For this document-scraping workflow, we are **extracting data only** and building a new DataFrame.  
We do **not** modify source files unless we explicitly call `doc.save(...)`.

### Accessing text in paragraphs

After loading a file (for example, `doc = Document(path)`), paragraph text is available in:

- `doc.paragraphs` → a list of paragraph objects
- `doc.paragraphs[i].text` → the text content of a specific paragraph


We will also be using regular expressions for locating the text within the paragraphs.
More info on regex can be found at https://docs.python.org/3/library/re.html

This is useful when fields that we want to scrape like **PWS Name** and **PWS ID** appear in normal text or headings instead of tables.

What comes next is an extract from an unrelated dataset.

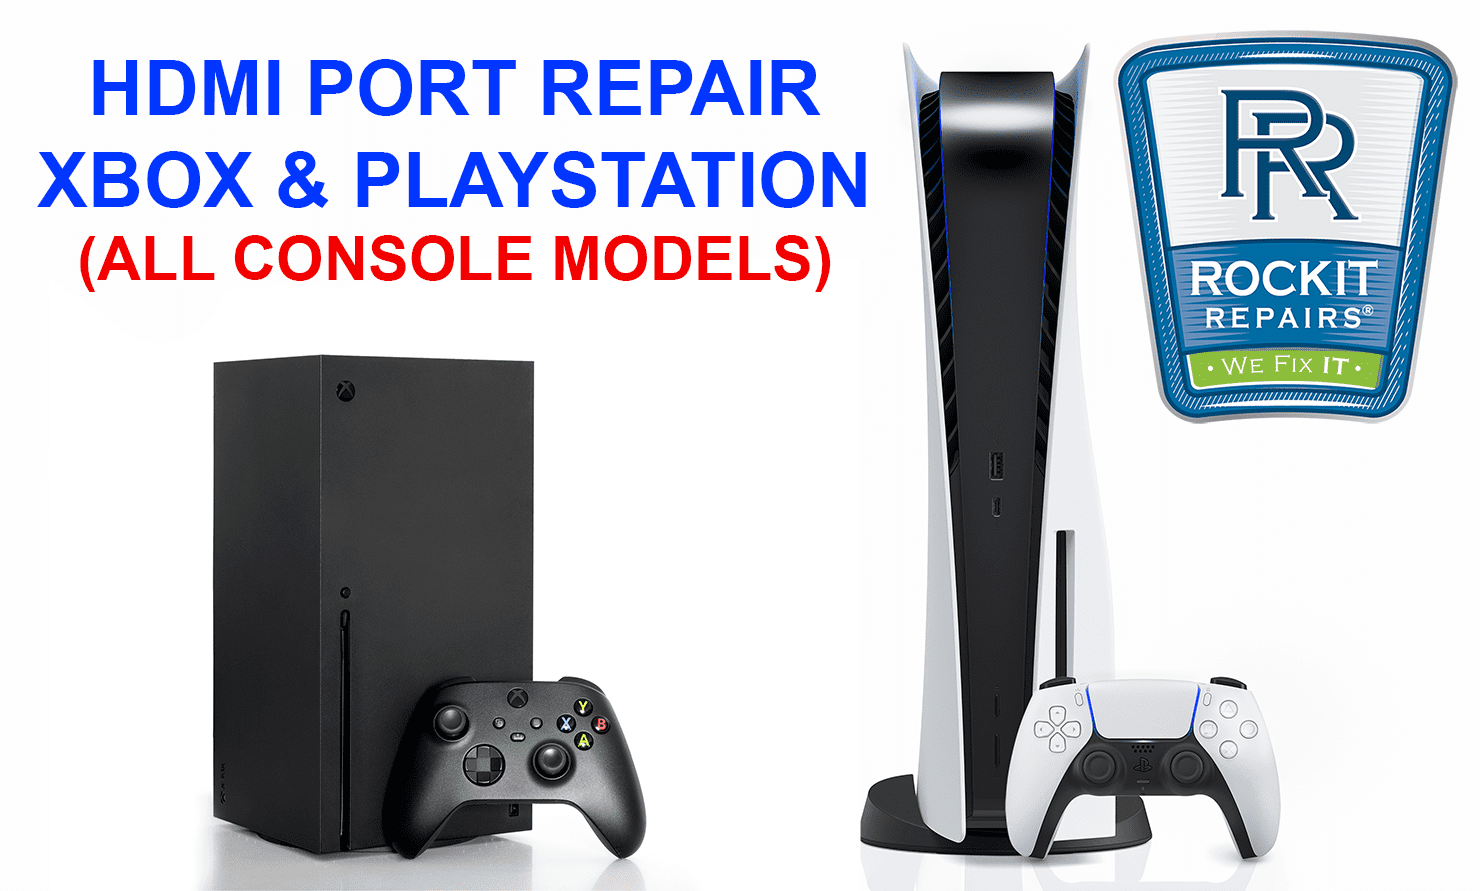 xbox and playstation hdmi port repair
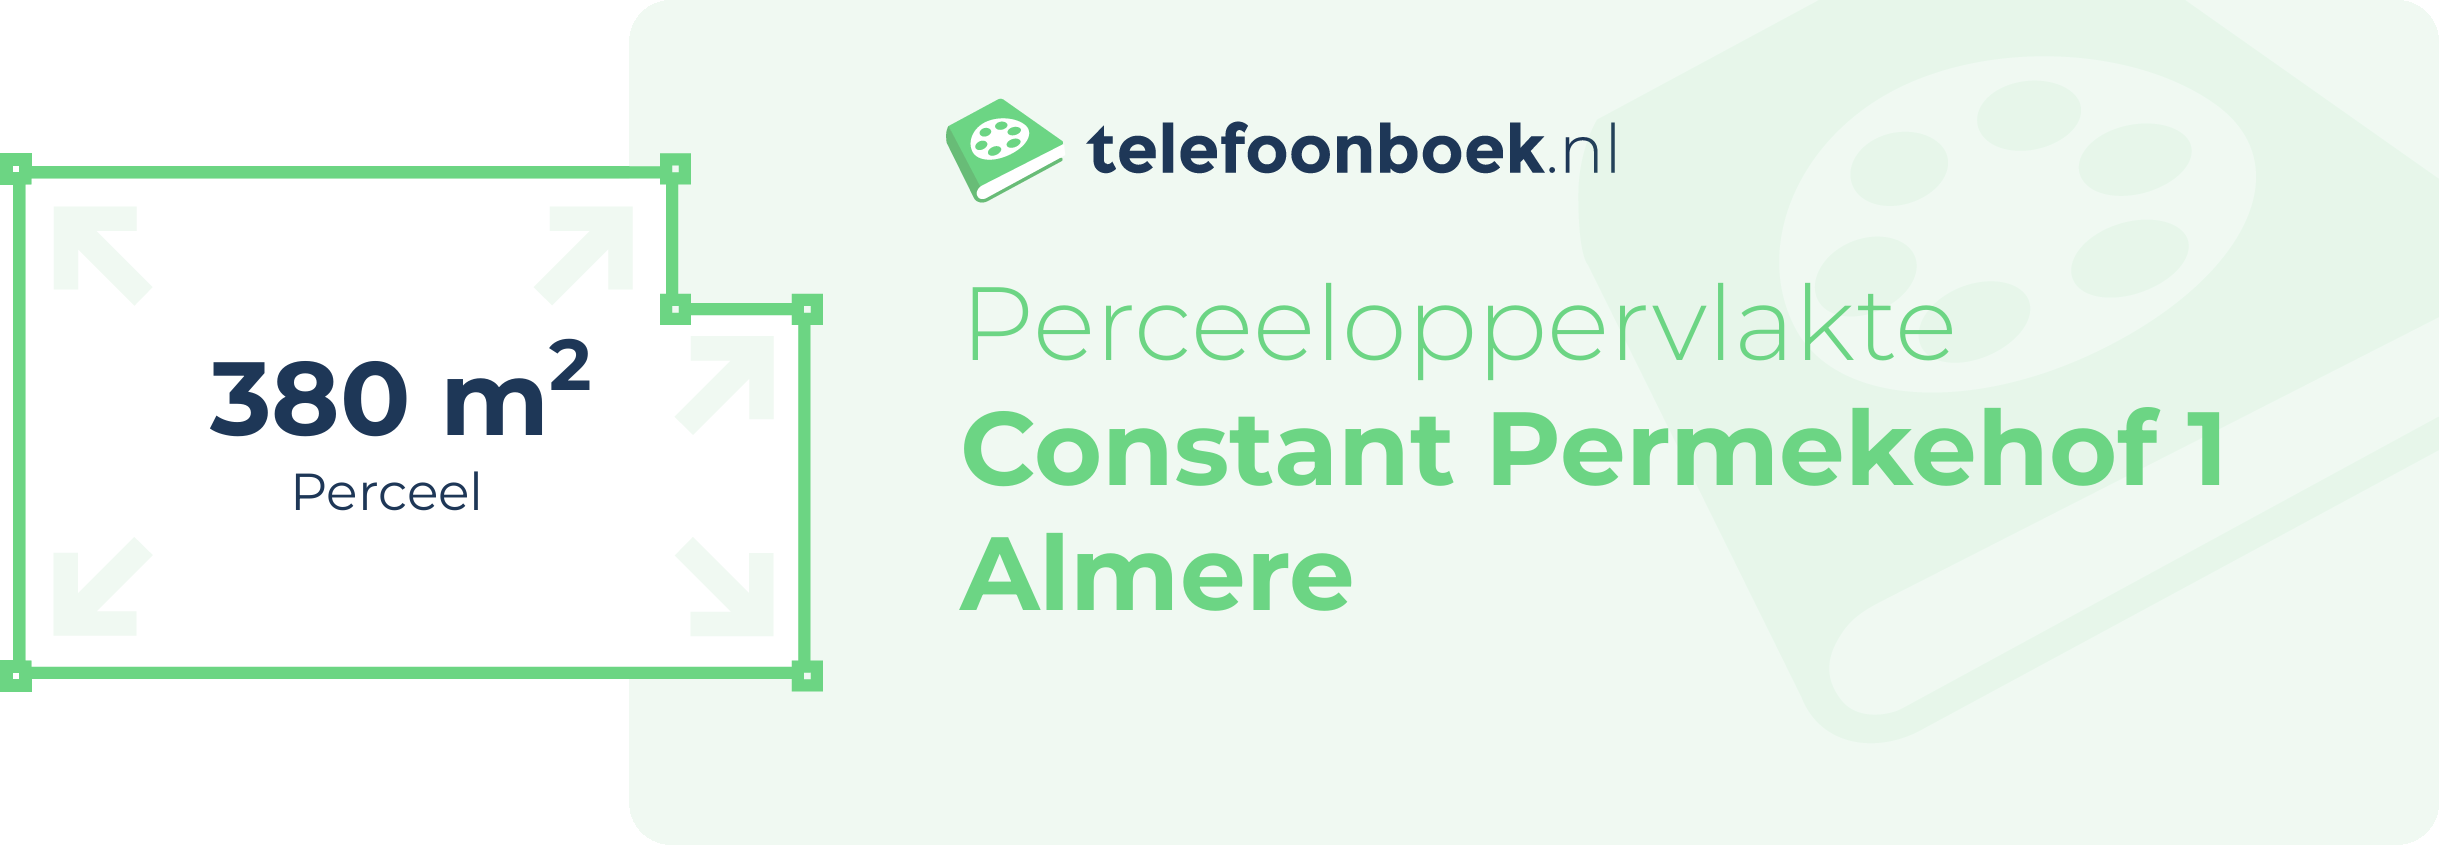 Perceeloppervlakte Constant Permekehof 1 Almere

In the screenshot we see that paragraph objects are seperate elements whenever a page break is used. Note that a textless paragraph still counts as the index

![Paragraph Image](https://raw.githubusercontent.com/jbodenheimer/KS_BoilWater_Curriculum/main/doc_paragraph_labeled.png)

In [181]:
# Accessing paragraph text example
# Can have small section here for students to answer coding Qs
# How many total paragraphs are in this document? What is the index for paragraph x
doc_path =  docx_files[0]
doc = Document(doc_path)

# 1. Selects one paragraph from the paragraph list.  
paragraphs = doc.paragraphs
p2 = paragraphs[0]
# 2. Reads its raw `.text` content.  
pws_text = p2.text

print("Raw paragraph text idx0:")
print(pws_text.strip())

# 1. Selects one paragraph from the paragraph list.  
paragraphs = doc.paragraphs
p2 = paragraphs[3]
# 2. Reads its raw `.text` content.  
pws_text = p2.text

print("Raw paragraph text idx3:")
print(pws_text.strip())

Raw paragraph text idx0:
CONSUMER CONFIDENCE REPORT CERTIFICATE OF DELIVERY
Raw paragraph text idx3:
PWS NAME:	CITY OF ABBYVILLE			PWS ID: KS2015512


In [182]:
# Accessing paragraph text example cont.

# 1. Selects one paragraph from the paragraph list.  
paragraphs = doc.paragraphs
p2 = paragraphs[3]
# 2. Reads its raw `.text` content.  
pws_text = p2.text

print("Raw paragraph text idx3:")
print(pws_text.strip())

# 3. Uses a regex pattern to extract:
#    - group 1: PWS Name  
#    - group 2: PWS ID 
# Regex captures:
#   group(1) -> text after "PWS Name:" up to "PWS ID:"
#   group(2) -> alphanumeric/hyphen ID after "PWS ID:"
pattern = r"pws\s*name\s*:\s*(.*?)\s+pws\s*id\s*:\s*([A-Za-z0-9\-]+)"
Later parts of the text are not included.